Thing is, the jeepney too was once one of those “temporary” solutions to a lack of a coherent public transport system in the Philippines at the end of World War II. Well, guess what: To this day, the Philippines still lacks a coherent and modern public transport system. Where that modern system should have been, the jeepney still reigns as the country’s “King of the Road”. The promise of the long-term solution replacing the “temporary” solution never materialised. Today, the country’s jeepney infestation remains one of its biggest and most intractable social problems.
As Albert Einstein say…
You can’t solve a problem using the same thinking that created it.
If we think vigilantism is a great temporary solution for the Philippines’ galloping crime problem, think again. More specifically think again differently.
At 70 years of age, Duterte is an old fart pitching old idiotic ideas to the Philippines’ intellectually-challenged electorate. And all the bobotante voters are eating it all up. Temporary solutions just won’t cut it in an age where there is an abundance of technological tools to help us come up with the right thinking and, out of that, the right solutions.
The Philippines will never catch up with the truly great countries of the world if its people remain addicted to temporary short-term solutions. All it can do is keep from falling further behind.

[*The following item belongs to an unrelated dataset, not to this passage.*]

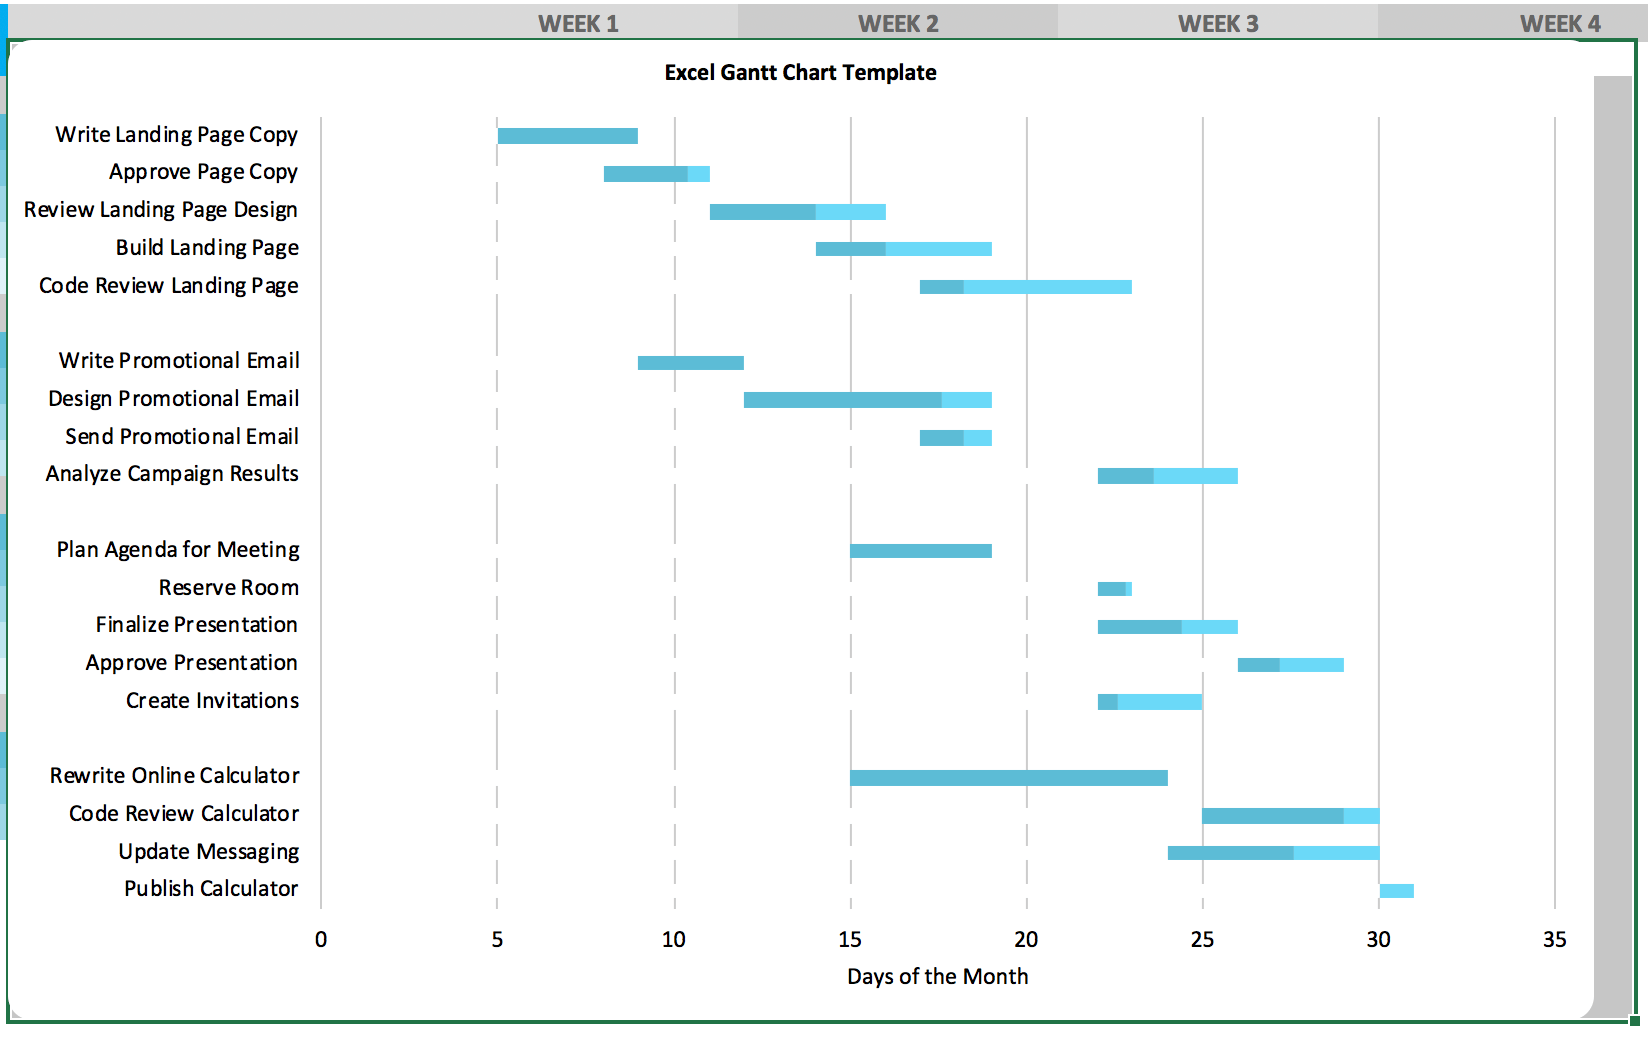 Document Of Gantt Chart Example Excel In Gantt Chart Example Excel Sheet

The trouble with us is this addiction to smallness of thinking seems to be cultural in nature. Indeed, it all comes back to our heritage of smallness — our fondness for tingi-tingi effort over projects that involve grand visions…
Because we cannot unite for the large effort, even the small effort is increasingly beyond us. There is less to learn in our schools, but even this little is protested by our young as too hard. The falling line on the graph of effort is, alas, a recurring pattern in our history. Our artifacts but repeat a refrain of decline and fall, which wouldn’t be so sad if there had been a summit decline from, but the evidence is that we start small and end small without ever having scaled any peaks. Used only to the small effort, we are not, as a result, capable of the sustained effort and lose momentum fast. We have a term for it: ningas cogon.

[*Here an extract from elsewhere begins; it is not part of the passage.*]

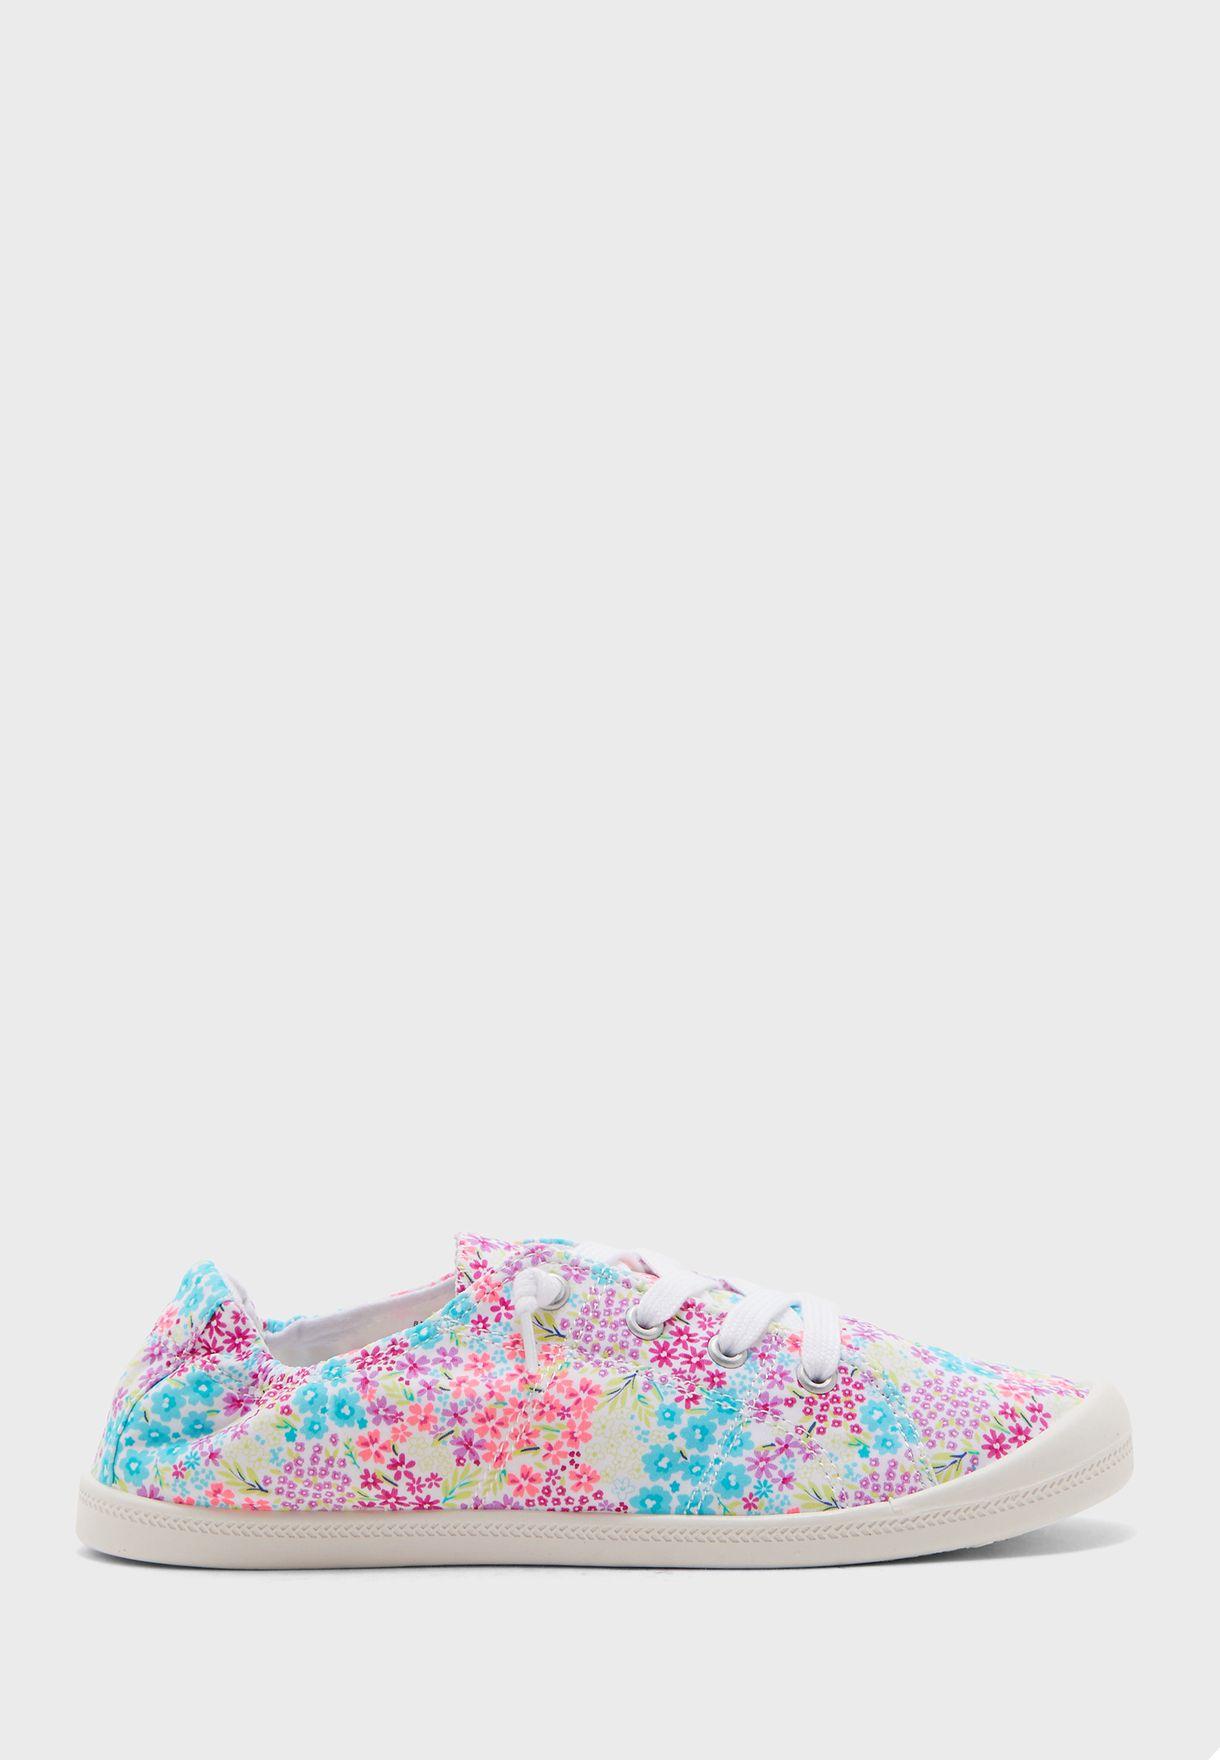 Steve Madden multicolor Baailey Sneaker

Go to any exhibit of Philippine artifacts and the items that from our “cultural heritage” but confirm three theories about us, which should be stated again.
First: that the Filipino works best on small scale–tiny figurines, small pots, filigree work in gold or silver, decorative arabesques. The deduction here is that we feel adequate to the challenge of the small, but are cowed by the challenge of the big.
It is quite evident then that rampant crime is not really the problem. It is but a mere symptom of a deeper malaise that grips Philippine society. The real problem with the Philippines lies in the way Filipinos think. The only way Duterte’s precious vigilantism will cure that root cultural problem is if he points his thugs’ guns at stupid people — most specially the stupid people who support him.